Our interpretation of how density-dependent starvation occurred in mussel-eating Exe oystercatchers is as follows. As population density increased, average intake rate was reduced through increased rates of interference, this leading to starvation towards the end of winter when the mussel condition was poor. However, it was not just the subdominant birds that were most susceptible to interference that starved, but the least efficient ones as well. A bird of low efficiency, by definition, had a relatively low intake rate even when competitors were scarce. They therefore started from a low base, especially towards the end of winter after the mussels had lost nearly half their flesh.
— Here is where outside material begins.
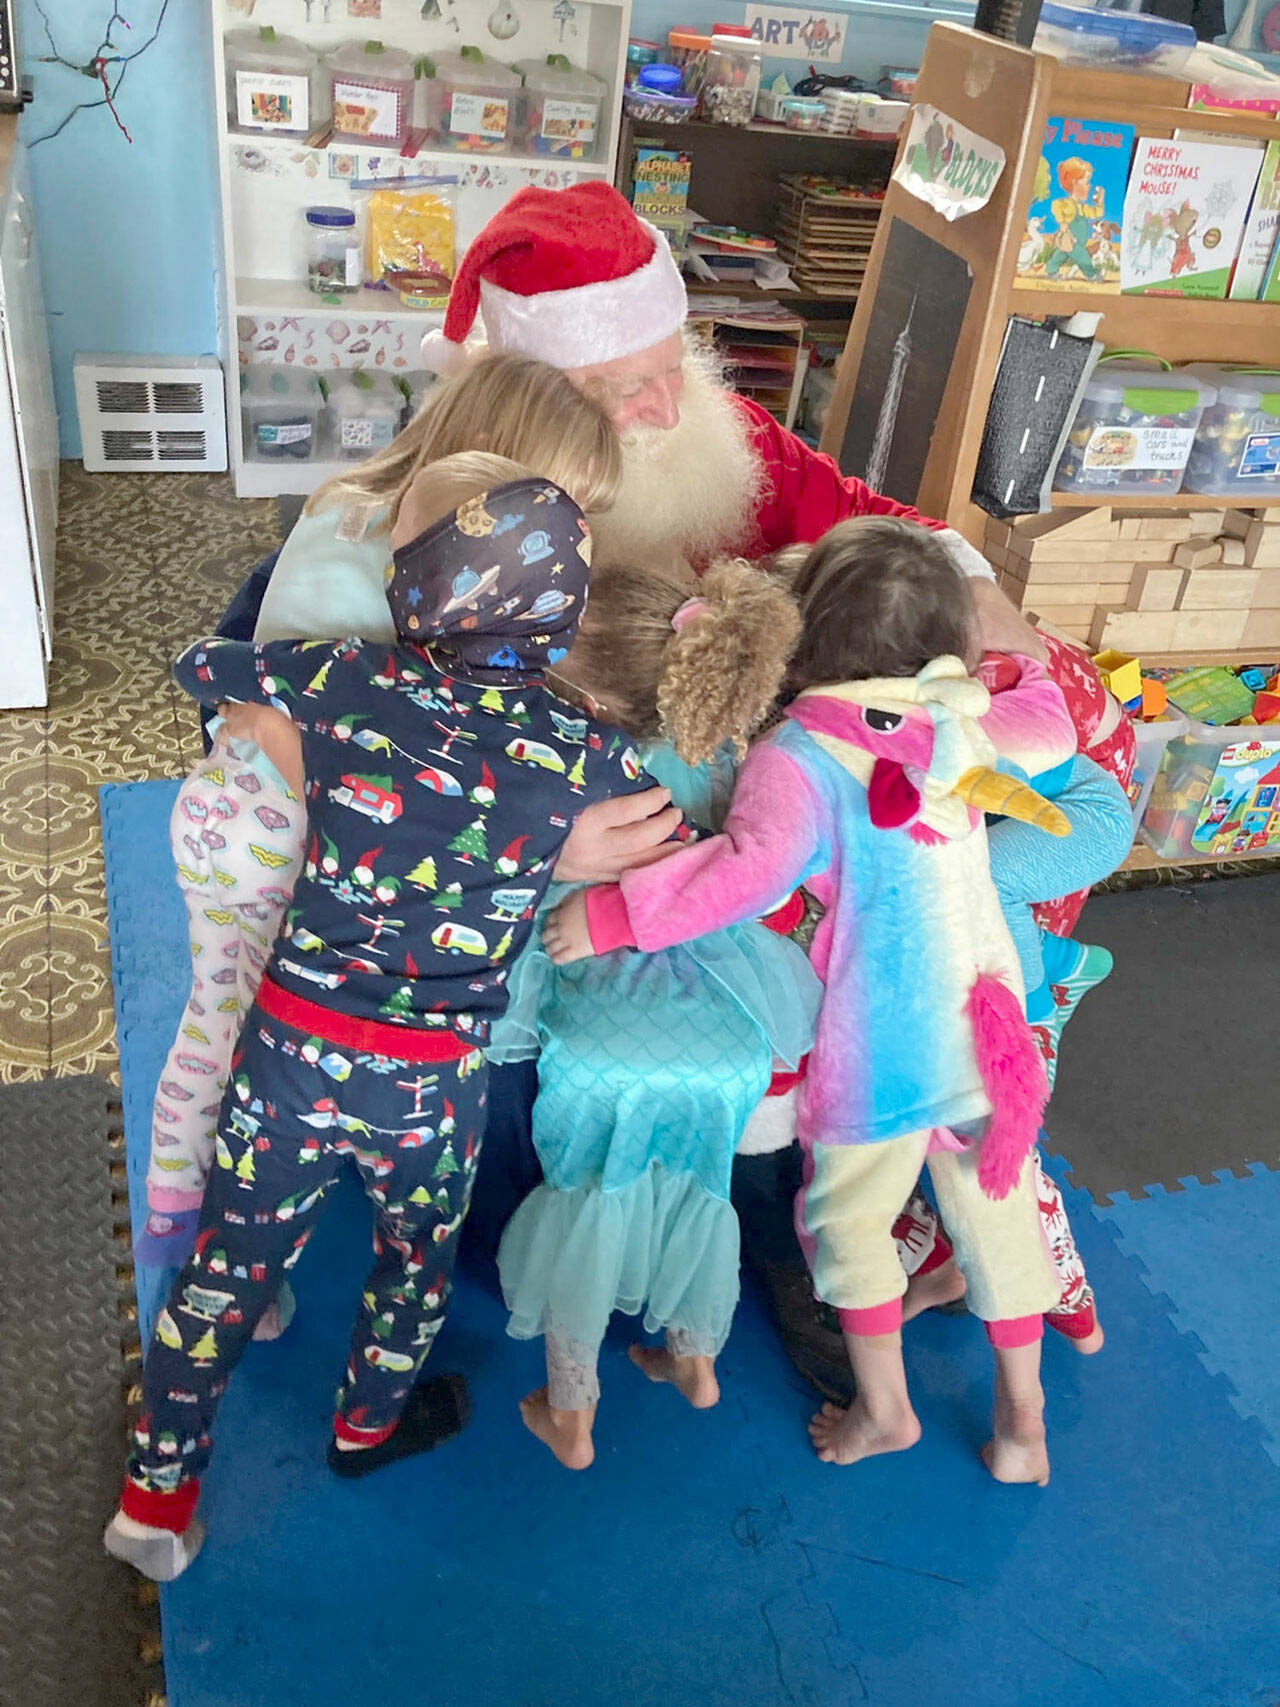 Children at Diane’s Daycare swarm around Barry Swegle during a visit from Santa. (Photo courtesy Diane’s Daycare)

Interference reduced the intake rate of the most susceptible animals at a proportionate rate as competitor density increased (Stillman et al. 1996). Thus, with two competitors of equal susceptibility to interference but differing foraging efficiency, the less efficient one starved first as population density increased, even though the density dependence was due almost entirely to interference rather than to exploitation competition.